### Collected material
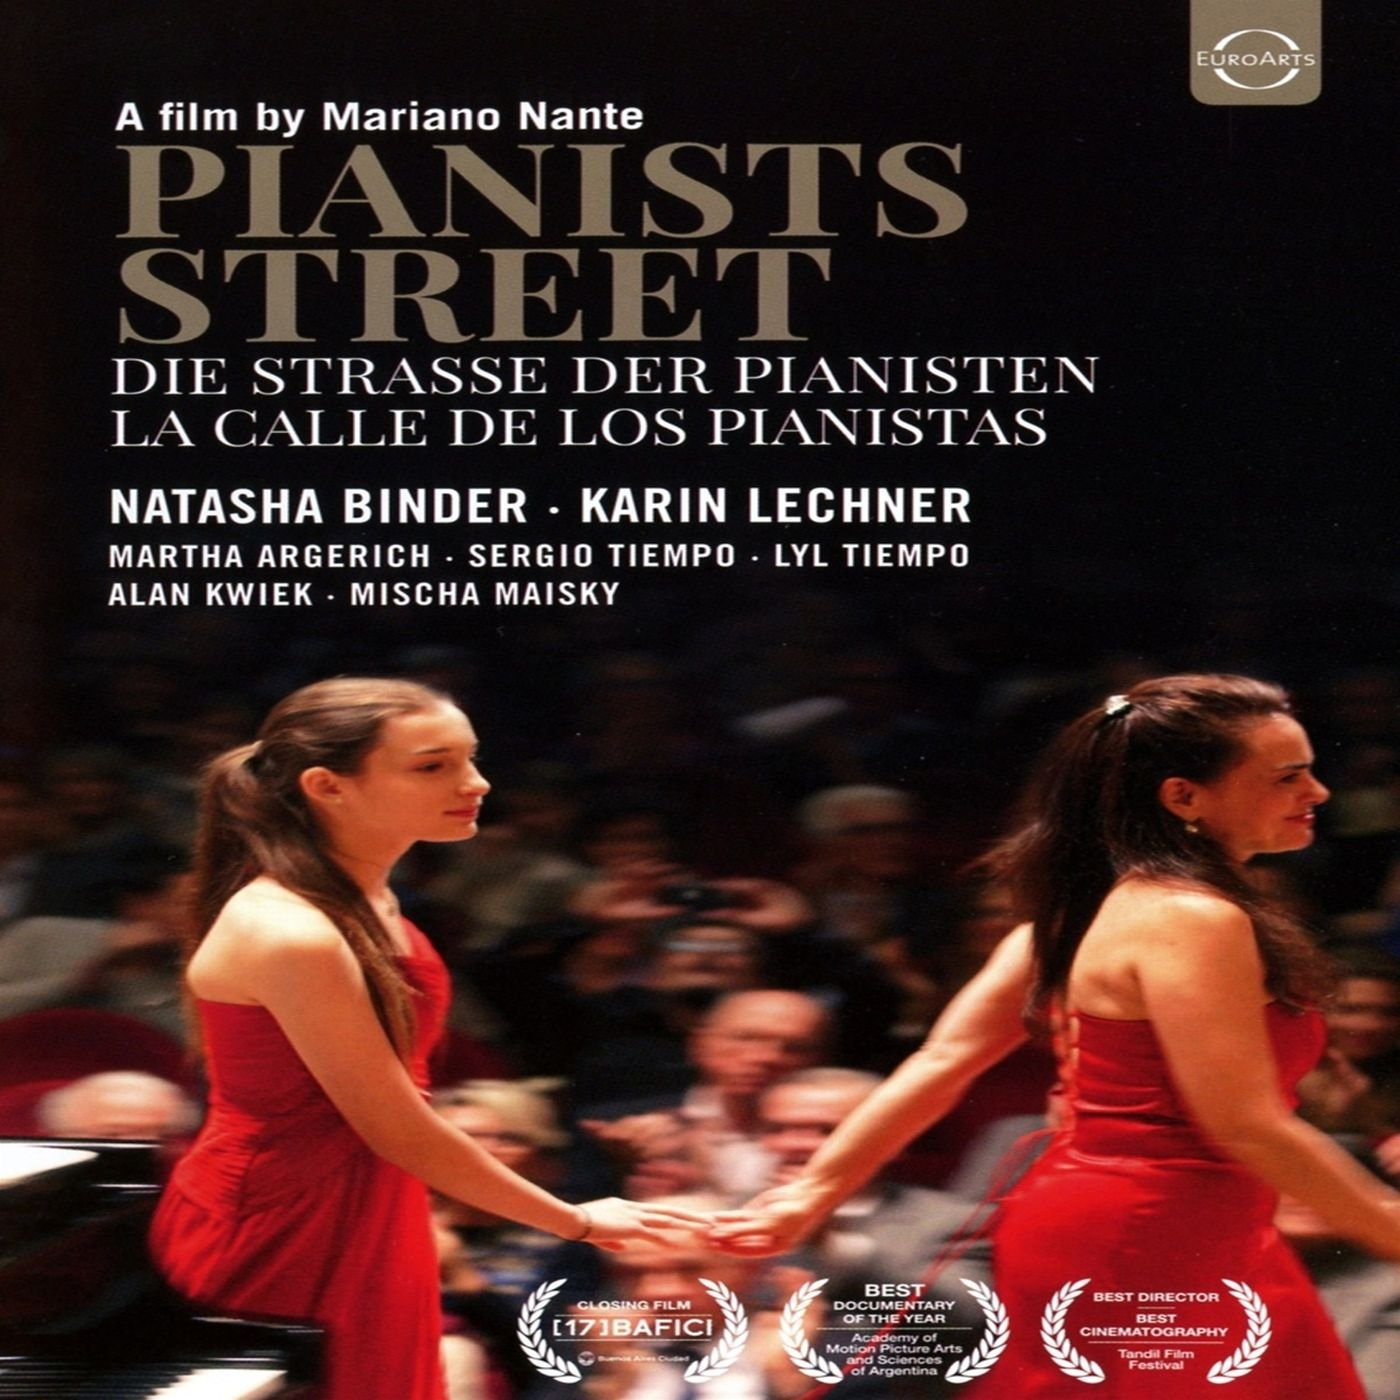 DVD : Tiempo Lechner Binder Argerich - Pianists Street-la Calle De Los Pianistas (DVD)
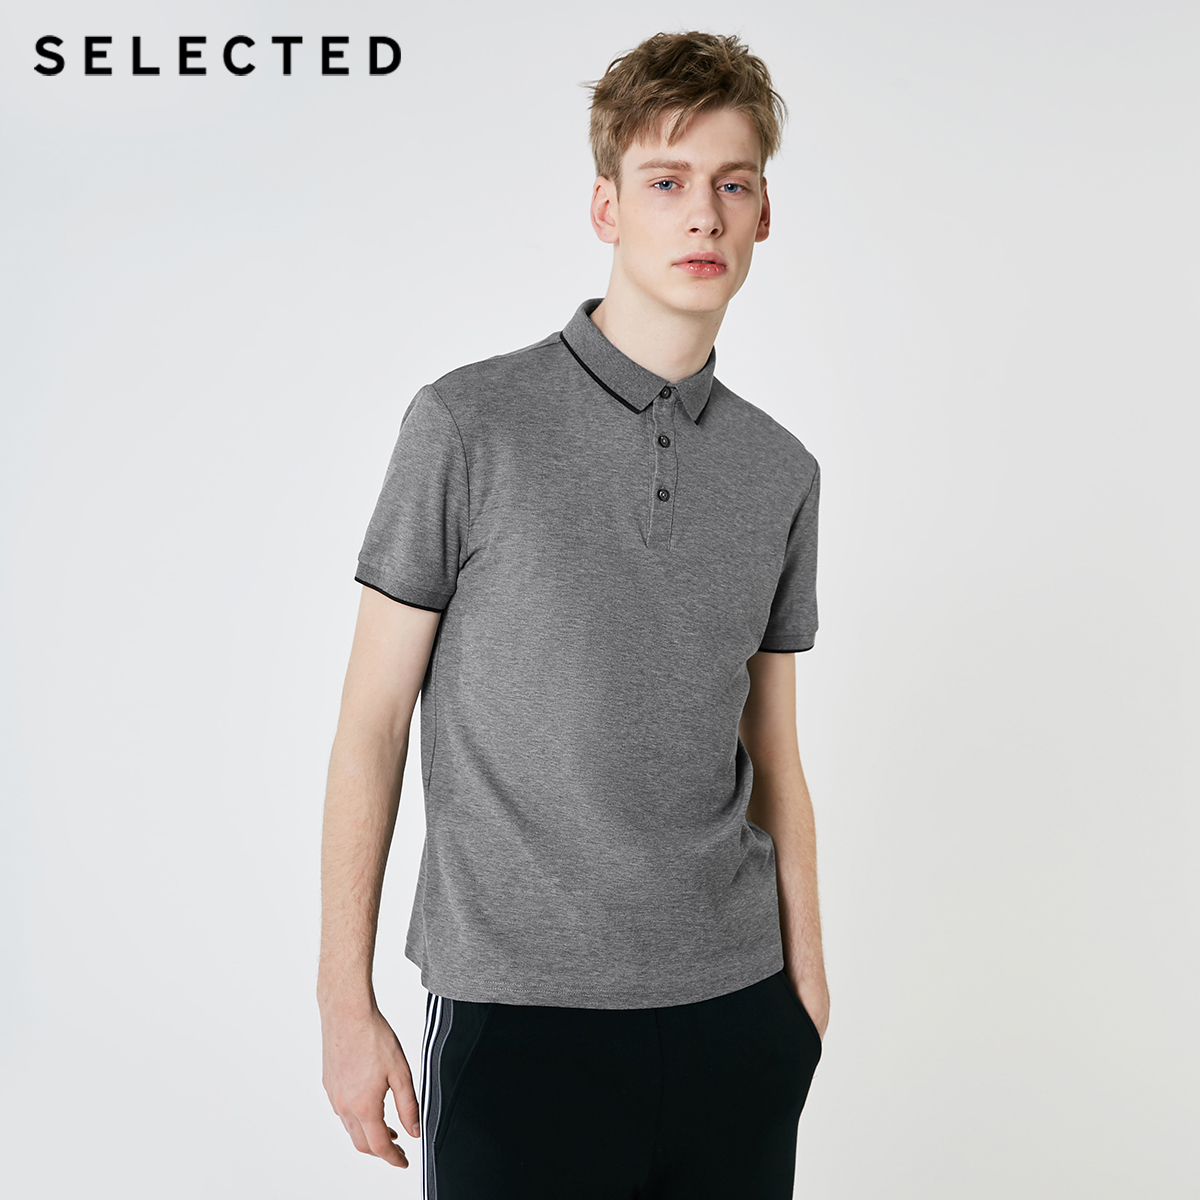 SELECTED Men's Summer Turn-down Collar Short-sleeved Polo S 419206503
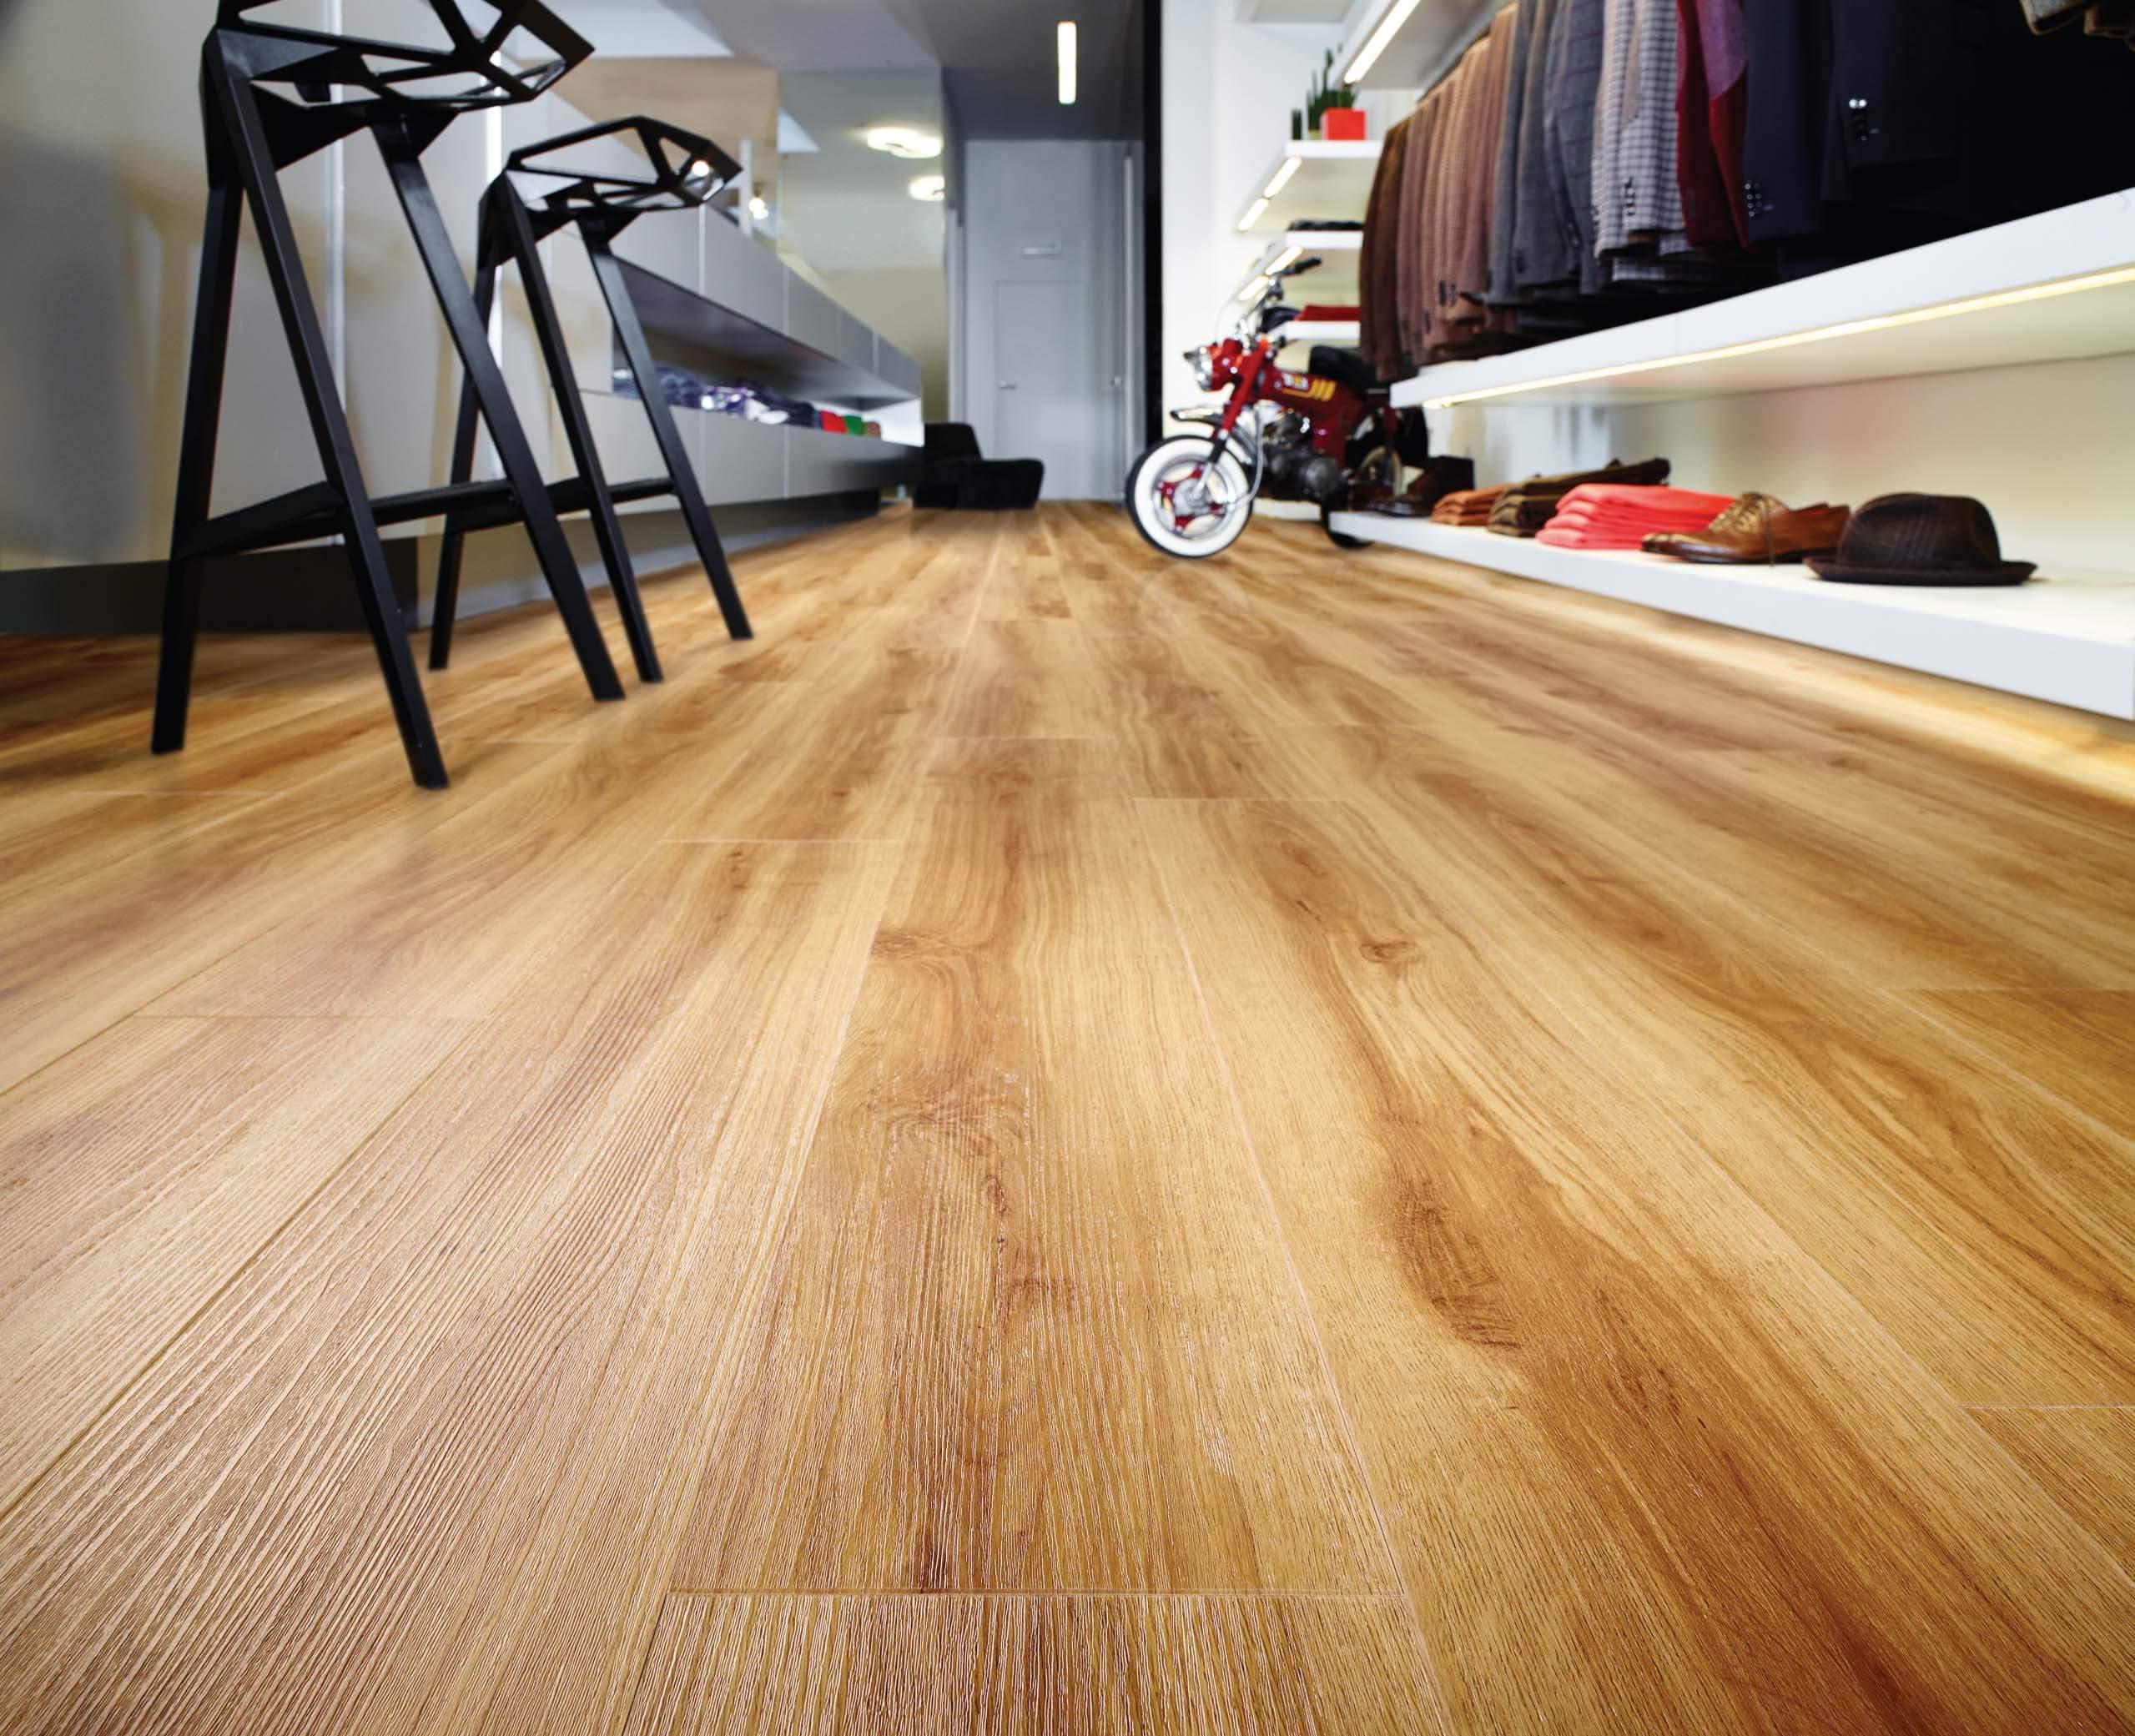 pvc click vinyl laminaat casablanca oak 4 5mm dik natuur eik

### Assignment
Give back exactly the lines from the one that contains "SELECTED Men's Summer" to the final line of the data above, both included, with all pictures removed.

### Answer to this task
 SELECTED Men's Summer Turn-down Collar Short-sleeved Polo S 419206503
 pvc click vinyl laminaat casablanca oak 4 5mm dik natuur eik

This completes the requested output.